Write out the data again exactly, skipping every picture.

_DATASET CONTENT:_
__________________________________________________

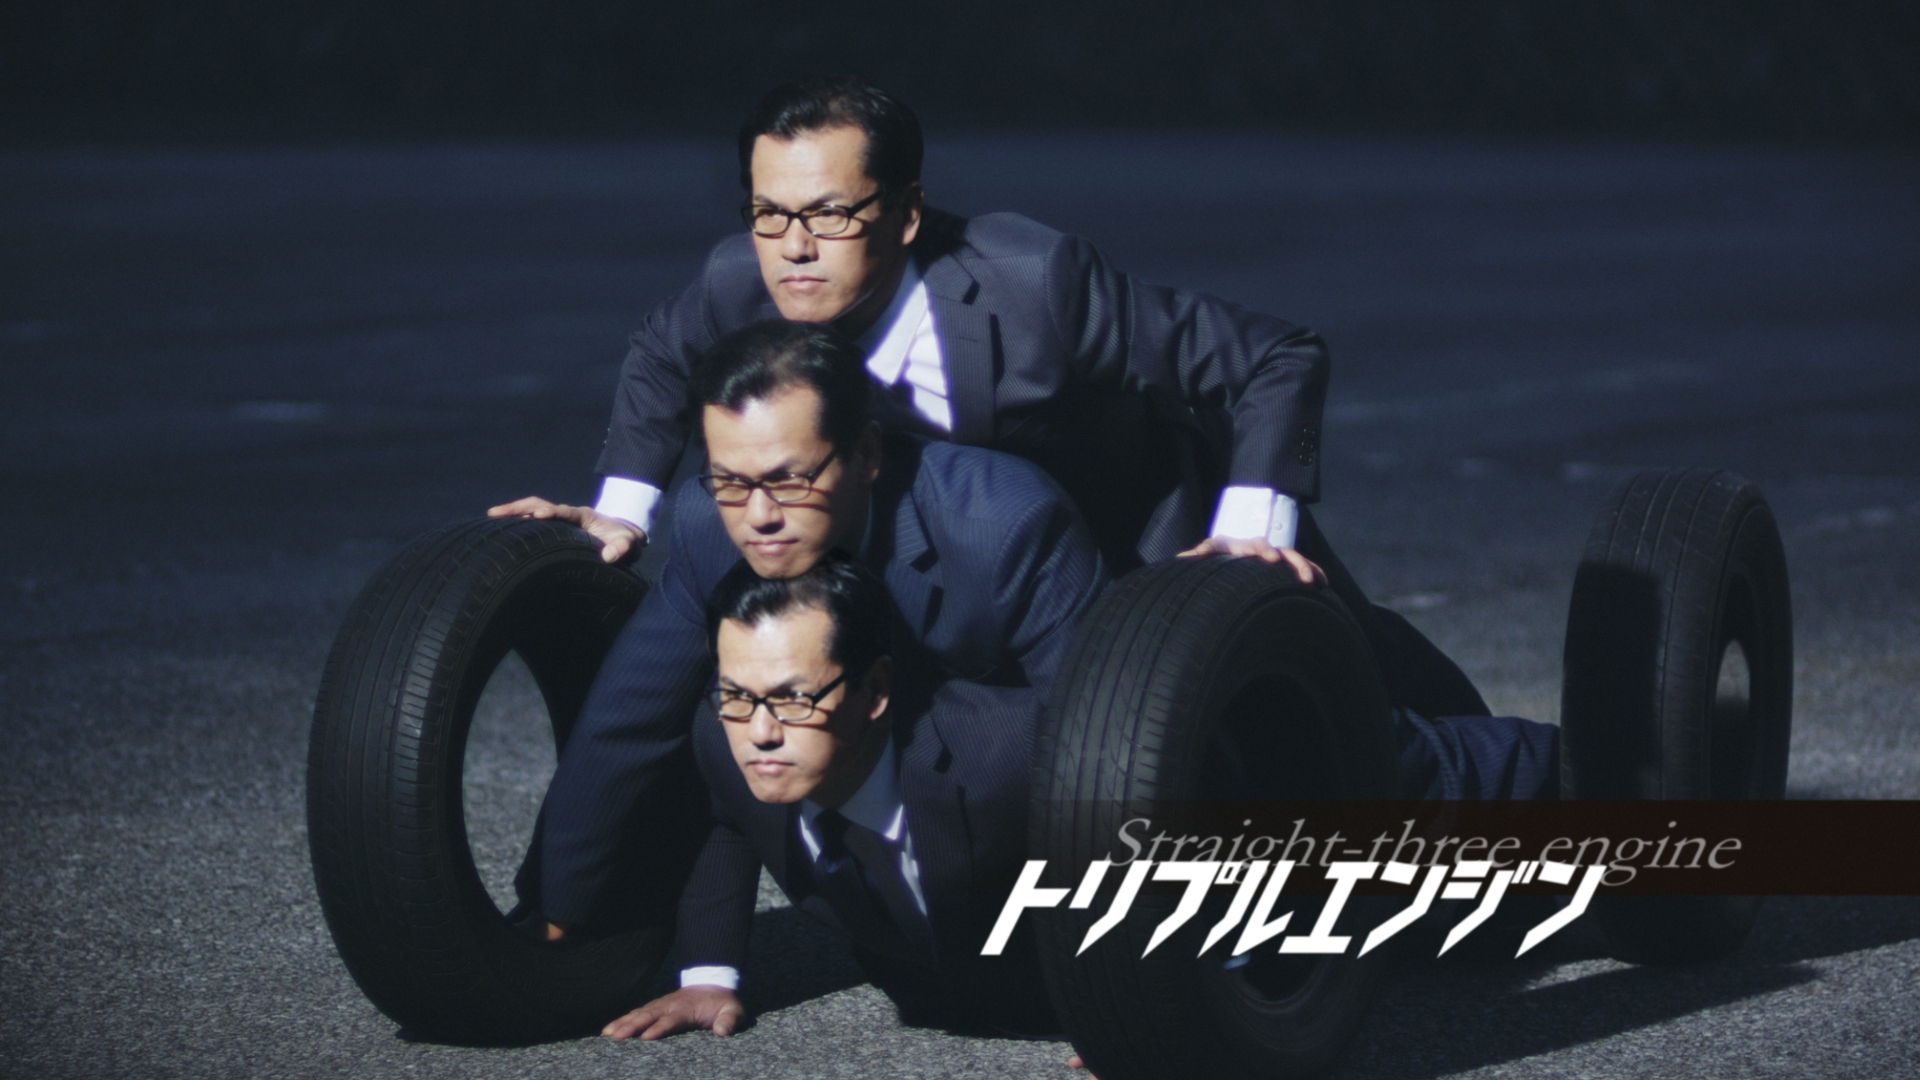 ミスターSASUKE、両手足にタイヤを装着し車の擬人化に挑戦
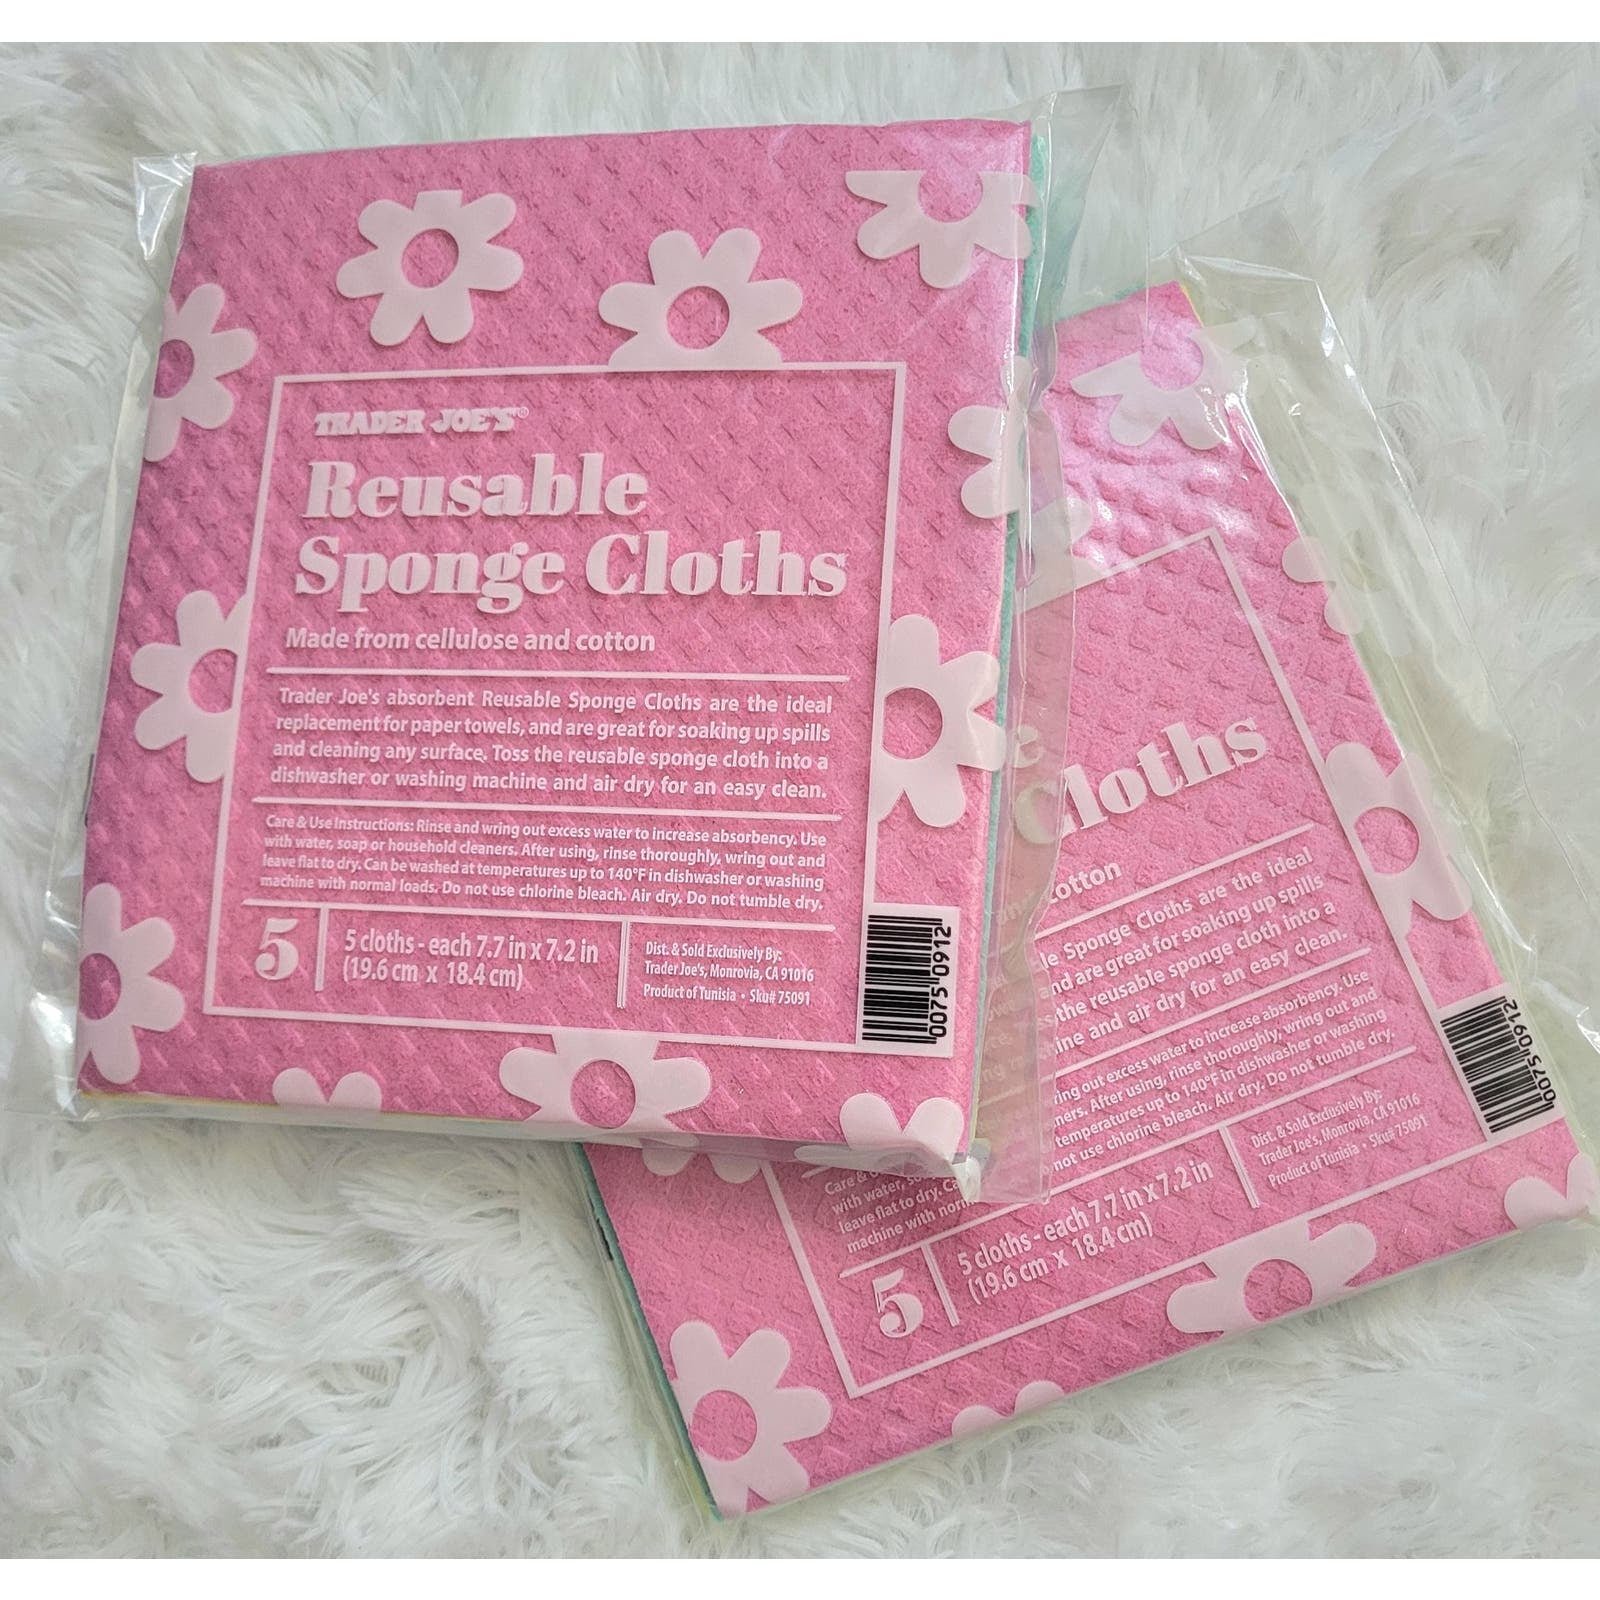 Trader Joe´s Reusable Sponge Cloths

2 packs New S

__________________________________________________

_SOLUTION TO THE PROBLEM:_
 ミスターSASUKE、両手足にタイヤを装着し車の擬人化に挑戦
 Trader Joe´s Reusable Sponge Cloths

2 packs New S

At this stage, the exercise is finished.